沈無拘直接伸手要放出九階雷霆法陣,但看到張校長緊張擔憂地看著自己和張心澈,沈無拘換成了五階的雷法。
雷法直接劈在壓製了靈力的張心澈身上,張心澈發出了慘叫,意識漸漸模糊。
張心澈意識來到了一個神秘空間,紅袍老人再次出現在他面前。
“我們又見面了,這次,你可要輸了。”
張心澈沒有回復老人,只是死死得盯著。
“別用那種眼神看我,我從始至終不都是在幫你嗎?不是我?你救不了你哥,你跳不了第三關。”
“但不可否認你有你的目的。”
“我是想和你做個賭局,我現在會賜你力量去當上神選者,就賭你未來會不會主動向我索求力量,我贏了,你的身體屬於我,你贏了,我自然不會再擾亂你的生活。”
“這法陣就是你給無拘的吧,怎麽,兩邊通吃嗎?”
“是又如何?你忘了你想要當神選者的目的了嗎?你這次失敗了會怎樣?楊寧軒輸了還有楊族,你輸了就是黃粱一夢!”
“那我也不會違背自己的原則,和魔鬼做交易,我做不到。”
“我把力量給你,到時候選擇權在你。”
張心澈恢復意識,他能清晰感受到手中就有一股強大的力量,只要他想,他就可以使用。
張心澈閉上雙眼,感受著周圍的元素亂流,腦海中閃過他和哥哥的窮苦日子。
“木生火,極木自然生極火,那麽雙重極火下,會怎樣呢?”
沈無拘聽到張心澈竟然還能有意識有力氣說話,頓時嚴陣以待。
張心澈的身體被藤蔓包裹,火焰開始在藤蔓上燃燒,張心澈的身體再冒出火焰。
沈無拘難以置信,為什麽他能使用靈力!
觀場的人都長大了嘴巴,沈追和白面則冷笑道:“法則之力可是超脫了靈力,法陣,煉金范疇。”
張心澈猛然睜開雙眼, 包裹他的鎖鏈直接爆開,身上的火焰變成了青色火焰,張心澈身上浮現青色血脈紋路。
在眾人震驚的目光中,張心澈踏空而行,在空中留下火焰灼燒的腳印。
“他這是?真的半神!竟然在這種情況下踏出了這最後一步。”
張心澈俯視著沈無拘,“多謝你壓製我靈力,不然我會一度依賴於靈力提升,而忽視了法則才是破境的關鍵。

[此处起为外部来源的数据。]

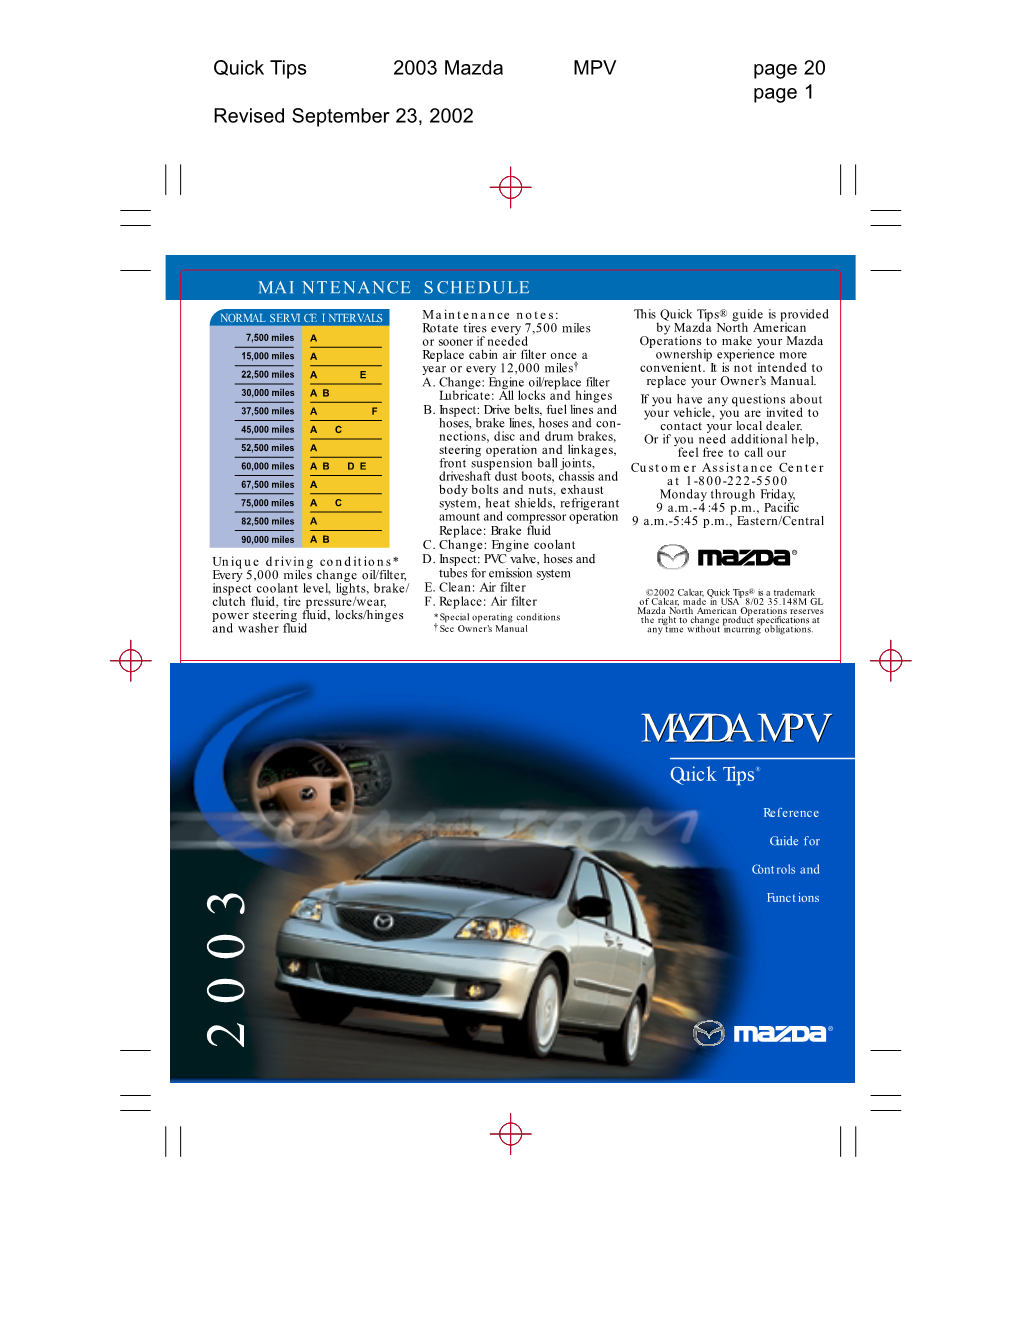 Mazda MPV Page 20 Page 1 Revised September 23, 2002

”
沈無拘歎氣搖了搖頭,“縱使半神,亦能勝之!”
沈無拘將法陣收回成血紅色的光圈,然後利用大陣自身的防禦力來阻擋傷害。
沈無拘將大陣控制在直徑一米的圓大小,發射出去。
隨之是數不勝數的九階攻擊法陣在血色陣法保護下向張心澈攻擊。
張心澈握緊拳頭,“命運不公,就打破這命運!我!不能輸!”
張心澈一拳迎向攻擊,在青色火焰中有幾絲紅光逸散。
張心澈的眼睛冒著青色光芒中帶有絲絲紅光。
張心澈的拳頭撞在紅色法陣上,雙方都感受到強烈的阻力,迅速的消耗著靈力。
張心澈握緊拳頭,拳頭冒出血紅色液體沿臂膀留向張心澈心臟。
張心澈全身冒出紅霧,擊碎了法陣,那些攻擊法陣觸及到青火和血霧的合成體便直接焚化消失。
張心澈的恐怖的一拳停在了沈無拘面前。
沈無拘感受著拍面而來的火熱,向後退了幾步,癱倒在地上。
張心澈就離地幾寸距離,上前拉起了沈無拘。
“我宣布,神選者,張心澈!”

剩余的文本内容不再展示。